Results of two contact bioassays mostly agree with each other (Table 5). The two exceptions were sites 1 and 3. Soil sample from site 1 was moderately toxic to wheat but not toxic for microbial community. The latter may be caused by adaptation of the microorganisms to long-term contamination. Soils from site 3 demonstrated toxicity for microbial community but were not toxic for wheat seeds. This is consistent with our previous experiments, where response of wheat to pollution with benzo(a)pyrene was observed only when the content of this pollutant in loamy soils exceeded 50 MPC (Bardina et al. 2016). On the other hand, wheat is strongly sensitive to heavy metals (Bardina et al. 2014a, b, c), which is seen in complete agreement between estimates given by this test organism (Table 5) and chemical testing (Table 1).

Table 5 Integrated estimates of the soil toxicity (across all employed biotests)

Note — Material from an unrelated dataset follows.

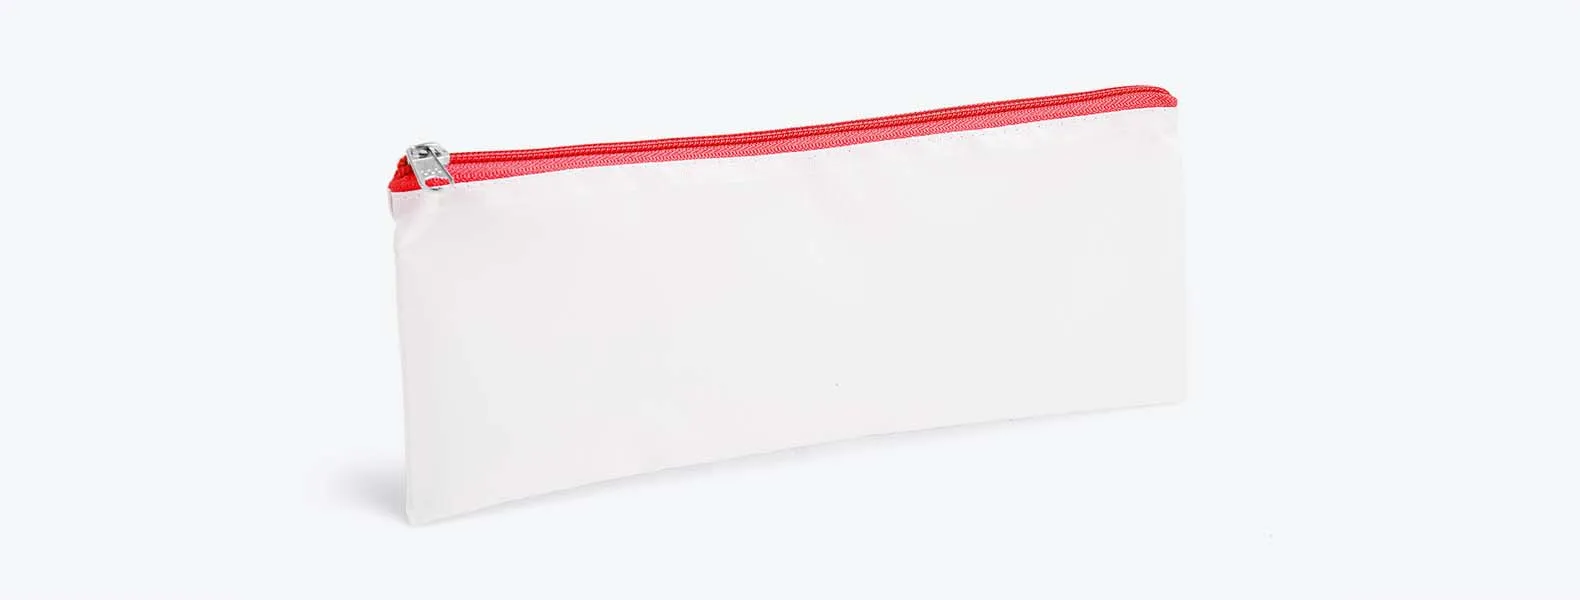 Necessaire com zíper vermelho confeccionada em Nylon 210 resinado. Conta com fechamento em zíper nas cores preta, azul, vermelha, verde, amarelo, laranja, roxo e rosa.

At some sites, contact bioassay methods were found to be more sensitive to the presence of toxicants than eluate bioassays. For instance, soil toxicity at site 2 was found by contact methods, while eluate bioassays did not detect the toxicants (probably organic in nature, as indicated by chemical tests). Notwithstanding some differences in sensitivity, however, all the bioassays revealed a dangerous level of toxicity at site 4.

4 Conclusions

The present study is focused on ecological evaluation of the brownfields using not only chemical, but also biologial testing methods. Chemical examination revealed that sited differed in pH reaction and identified heavy metals as primary pollutants. Various bioassay methods were more sensitive to the presence of toxicants than the methods of chemical analysis. In accord with previous publications, we found that reaction of different biotest systems depended on the chemical composition of the pollutants (Ram et al. 2004; Canna/Michaelidou et al. 2000). Various test species have unequal sensitivity to the wide range of toxicants. Aquatic organisms (protozoa and algae), used in eluate bioassay, were more sensitive than the seeds of higher plant. Both of the contact bioassays were sensitive to pollutants, since toxic effect of several samples was revealed more clearly with these methods than that with either chemical testing or eluate bioassays. In this study, we did not reveal any test method as superfluous: the wider the list of used methods, the larger the scope and reliability of pollution detection. Finally, we found that both eluate and contact bioassays are well-suited and should be used together for ecotoxicological assessment of brownfield soils. The latter finding agrees with the results for other types of objects (Terekhova 2011; Filenko and Terekhova 2016). We believe that compilation of a database of bioassay systems, suitable for testing brownfield soils, is an important step in remediation of these territories.